Most of them are exposed without auth because there was at some point documentation explaining the requirement. I referenced said documentation here https://github.com/linuxserver/reverse-proxy-confs/pull/76 but it appears that documentation has since been removed, and unfortunately I don't know if GH wiki has a history the way commits do.

It likely does make sense for there to be a wholesale rework of the config, especially if there's been a major version bump or rewrite of qbit since 2019 that may have changed things.

That being said, i agree it makes sense that we're exposing the scripts endpoint so we may as well expose the css endpoint. also among the other endpoints exposed, it doesn't seem like there's much obscurity gained by adding auth to the proxy, but that also begs the question of how much actual protection is gained (is adding auth even doing anything?).

I'll accept the PR for now, but i'd love to see a full rewrite of this config that both tests custom themes and external tools like nzb360, as well as ensuring other applications like *arr can connect through the proxy config.

[adepssimius]

I just tested hitting GET api/v2/sync/maindata in an unauthenticated session from a new private window.
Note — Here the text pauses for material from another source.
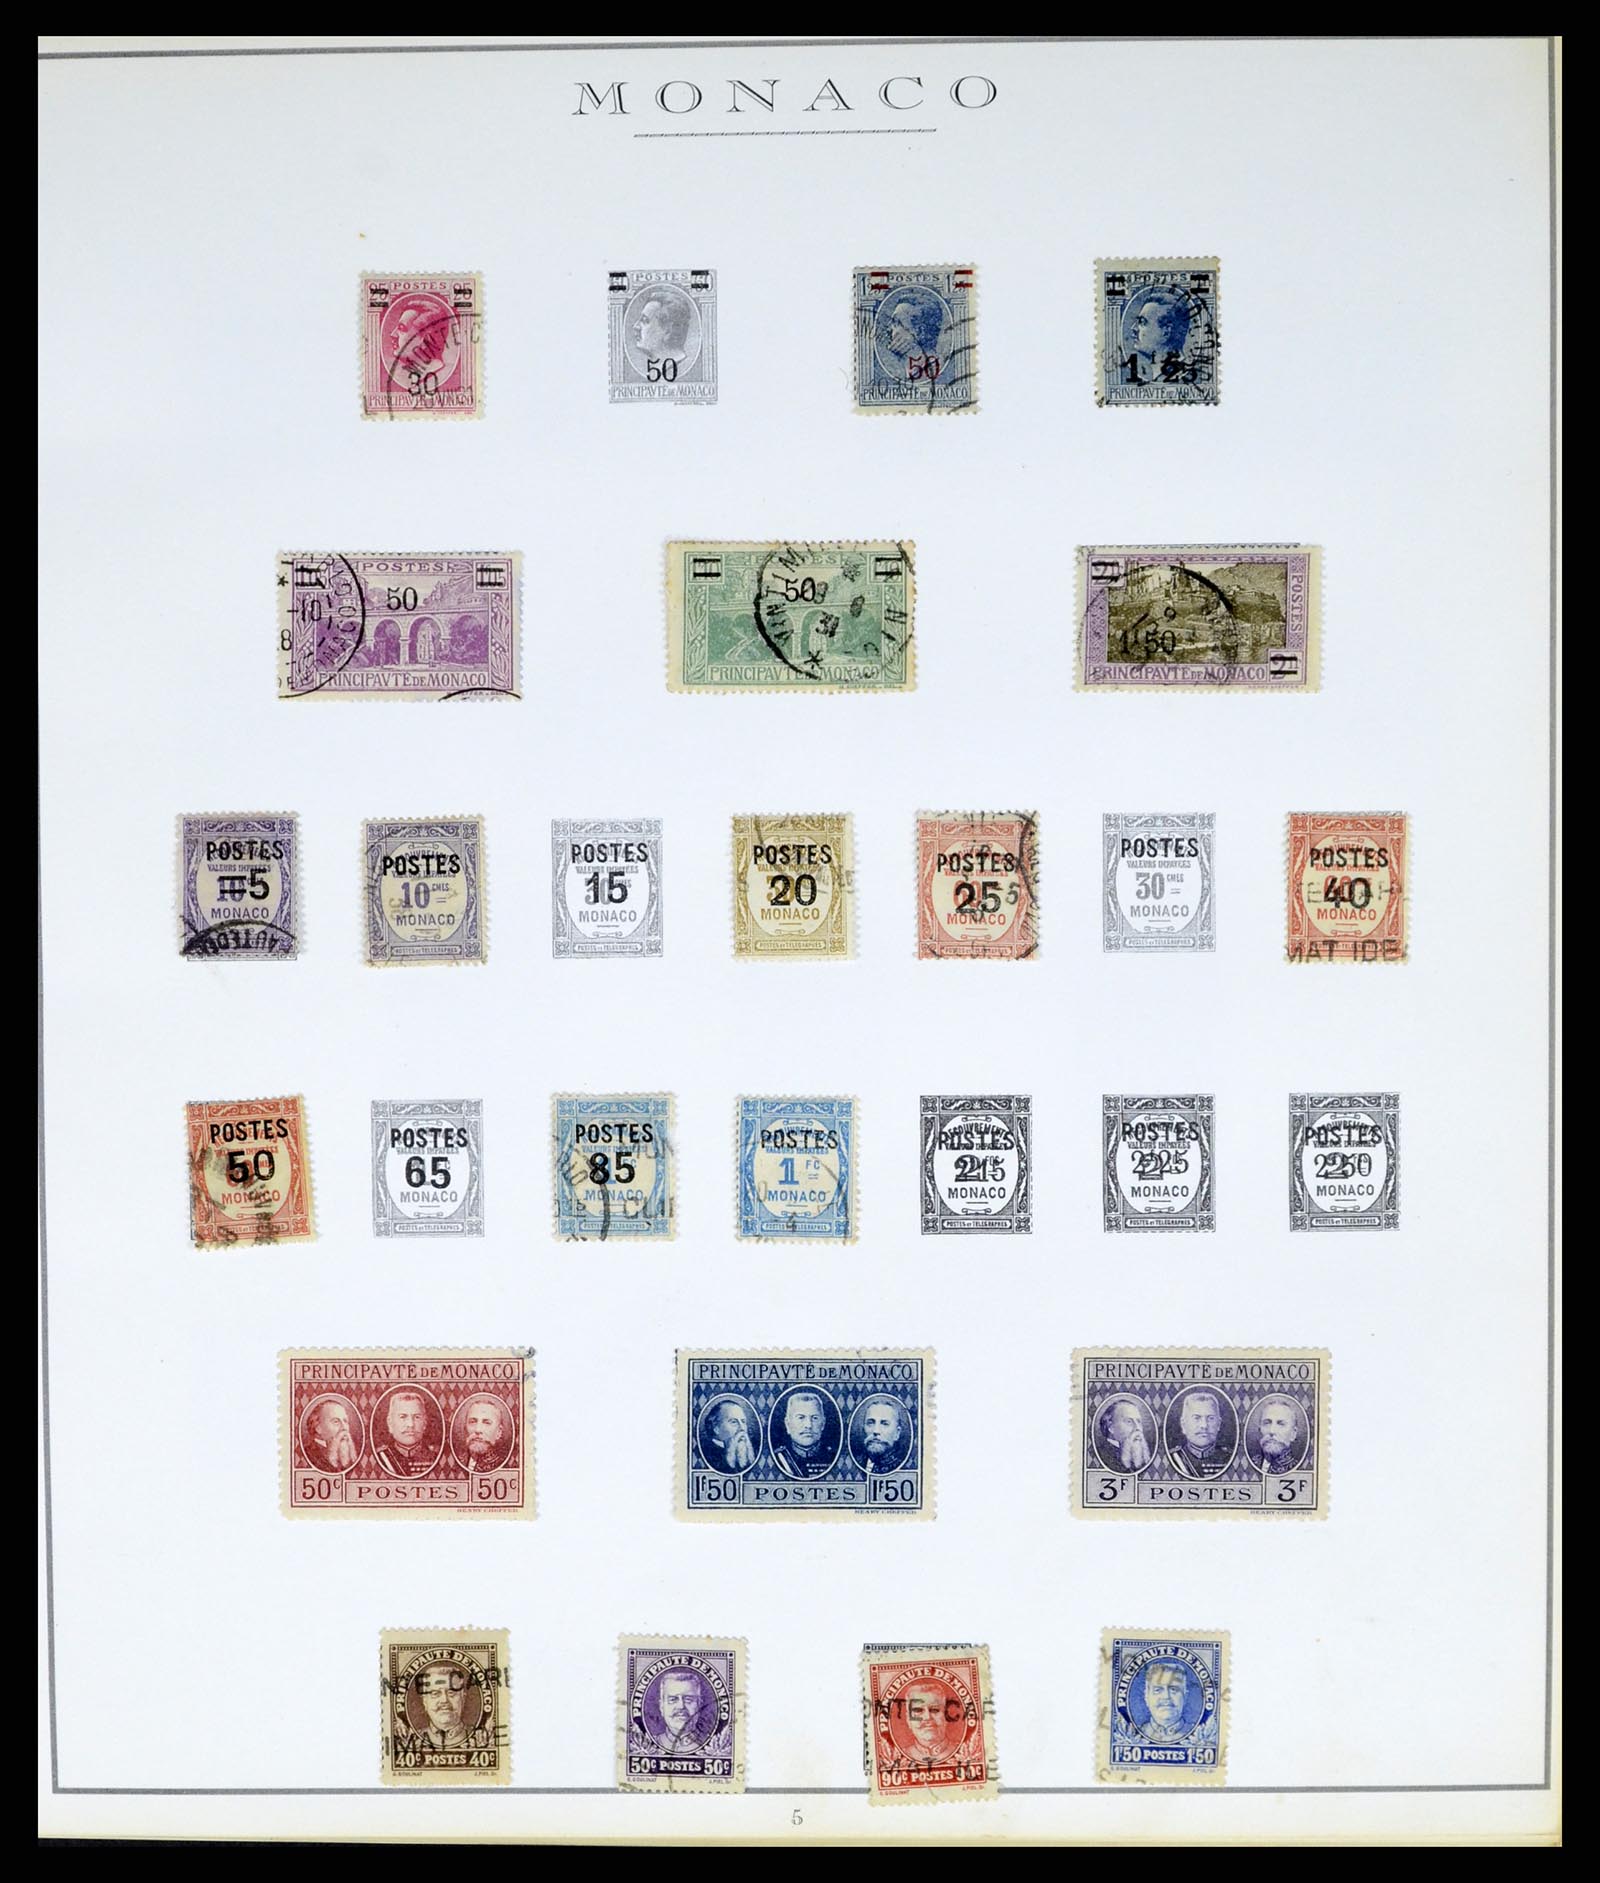 37437 010 - Stamp collection 37437 Monaco 1885-1996.

YIKES! Yes, everything is populated with real info as you might expect. This has to be reworked with auth implemented correctly to be in a usable state. Anyone using this and assuming that they are behind auth is clearly vulnerable.

[aptalca]

You must have disabled qbit auth for local access, which also disables it for the api (because it is a webui api)

My guess is, qbit sees the request coming from that local range you set (SWAG perhaps) and serves info without auth. With qbit auth turned on, curl https://qbittorrent.mydomain.com returns Forbidden

We'll add a note about it to the proxy conf

[aptalca]

Did some quick tests. Indeed, if you add SWAG's address in the Bypass authentication for clients in whitelisted IP subnets field, all connections coming through the proxy will be treated by qbit as a local connection and the auth will be disabled.

I tried adding SWAG ip range to Trusted proxies list which should respect the X-Forwarded-For header and use the real client IP reported by SWAG, but couldn't make it work. That might be a bug within qbit.

We do not recommend bypassing qbit auth for local clients as it also disabled the api auth.